X = boston_df.drop('PRICE', axis=1)
y = boston_df['PRICE']

X_train, X_test, y_train, y_test = train_test_split(X, y, test_size=0.2, random_state=13)

# 선형 회귀 학습
from sklearn.linear_model import LinearRegression

reg = LinearRegression()
reg.fit(X_train, y_train)

# 모델 평가 : RMS(Root Mean Square) 사용
import numpy as np
from sklearn.metrics import mean_squared_error

pred_tr = reg.predict(X_train)
pred_test = reg.predict(X_test)
rmse_tr = (np.sqrt(mean_squared_error(y_train, pred_tr)))
rmse_test = (np.sqrt(mean_squared_error(y_test, pred_test)))
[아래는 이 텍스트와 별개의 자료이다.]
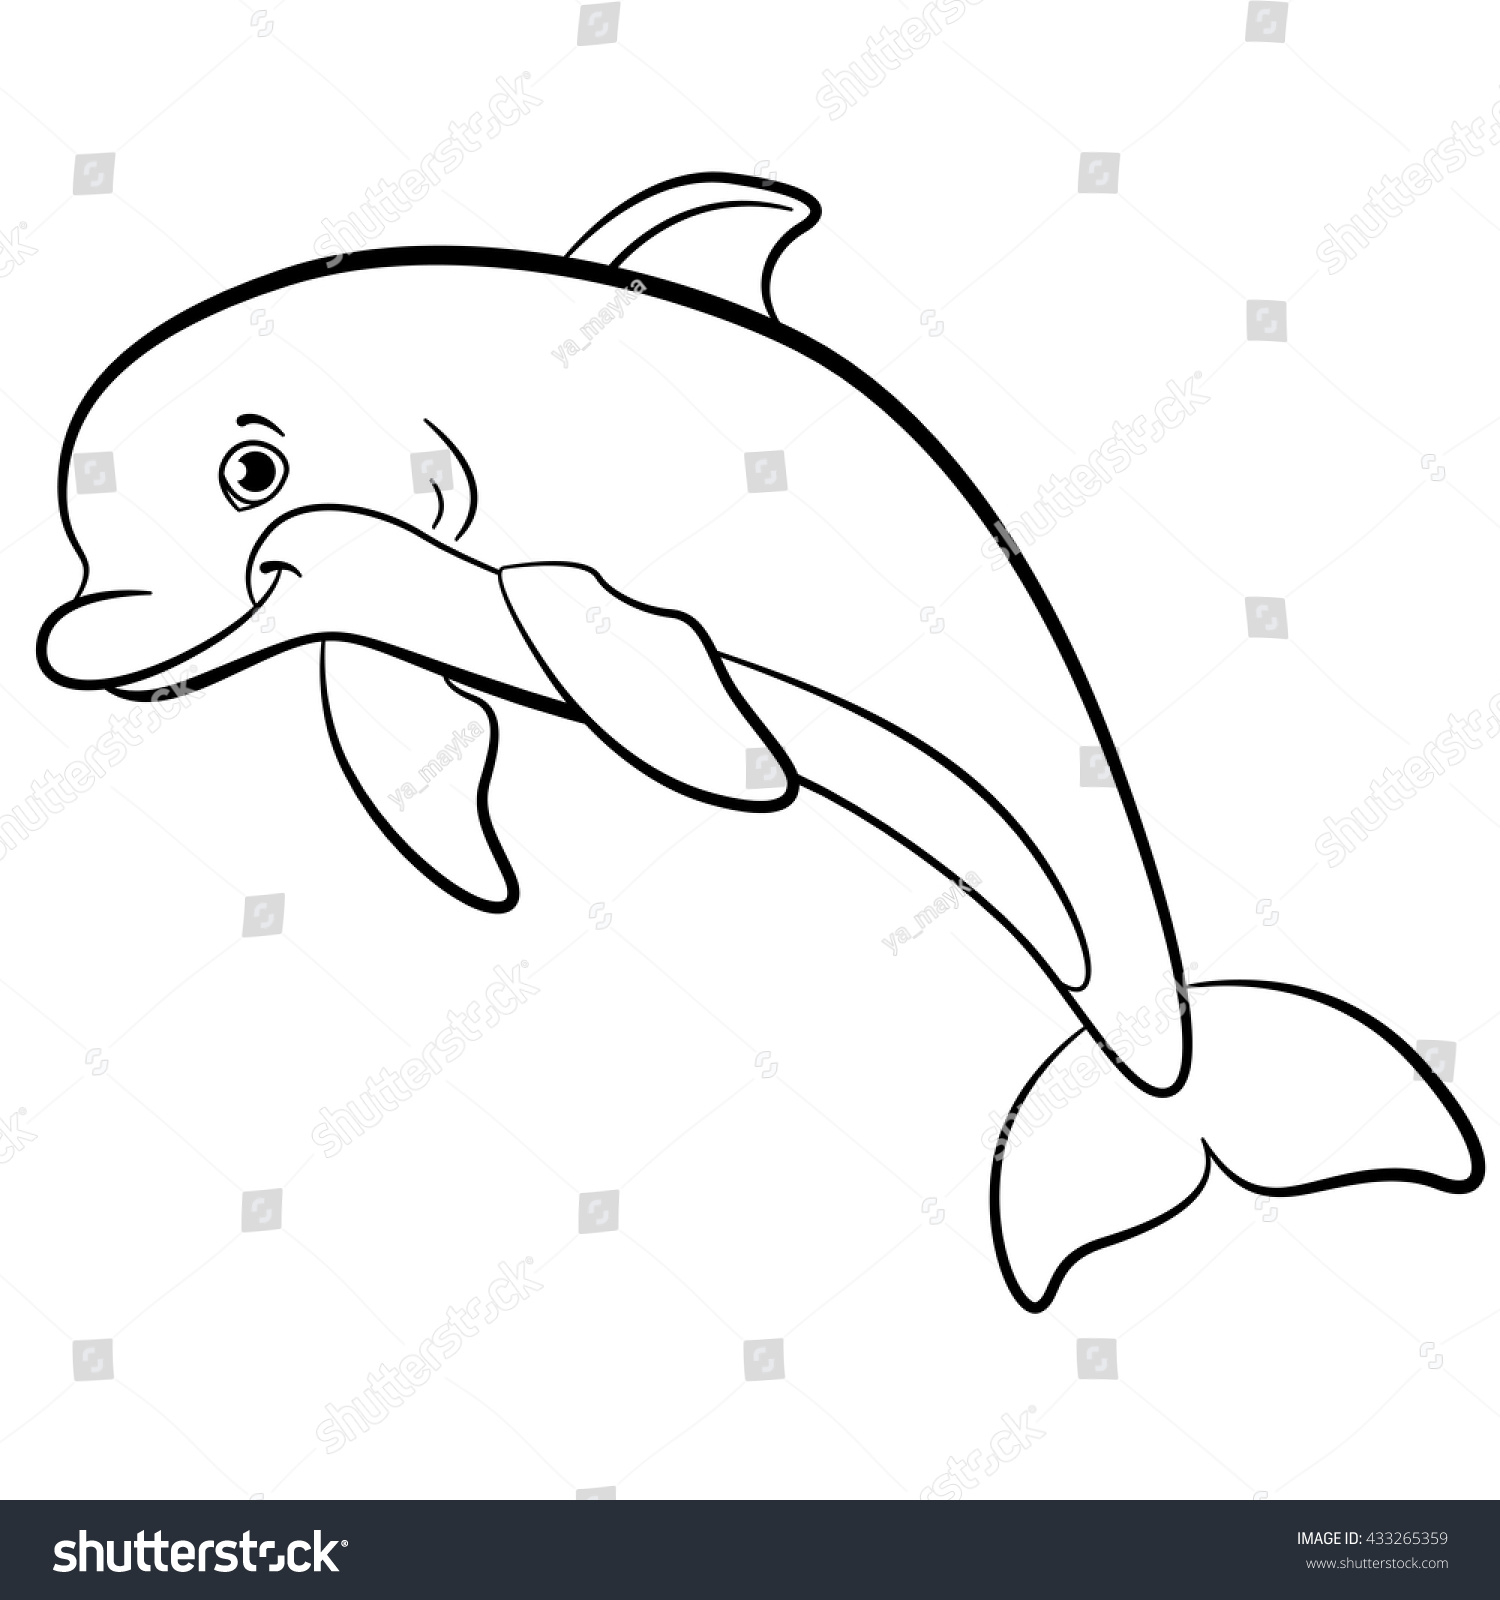 Дельфин рисунок для детей черно белый

print('RMSE of Train Data : {}'.format(rmse_tr))
print('RMSE of Test Data : {}'.format(rmse_test))

# 성능 확인 : 직선에 모일 수록 좋은 성능을 가진 것이다.
plt.figure(figsize=(10, 6))
plt.scatter(y_test, pred_test)
plt.xlabel('Actual House Prices ($1000)')
plt.ylabel('Predicted Prices')
plt.title('Real vs Predicted')
plt.plot([0, 48], [0, 48], 'r')
plt.show()

LSTAT 제외

# 데이터 나누기
from sklearn.model_selection import train_test_split

X = boston_df.drop(['PRICE', 'LSTAT'], axis=1)
y = boston_df['PRICE']

X_train, X_test, y_train, y_test = train_test_split(X, y, test_size=0.2, random_state=13)

# 선형 회귀 학습
from sklearn.linear_model import LinearRegression

reg = LinearRegression()
reg.fit(X_train, y_train)

# 모델 평가 : RMS(Root Mean Square) 사용
import numpy as np
from sklearn.metrics import mean_squared_error

pred_tr = reg.predict(X_train)
pred_test = reg.predict(X_test)
rmse_tr = (np.sqrt(mean_squared_error(y_train, pred_tr)))
rmse_test = (np.sqrt(mean_squared_error(y_test, pred_test)))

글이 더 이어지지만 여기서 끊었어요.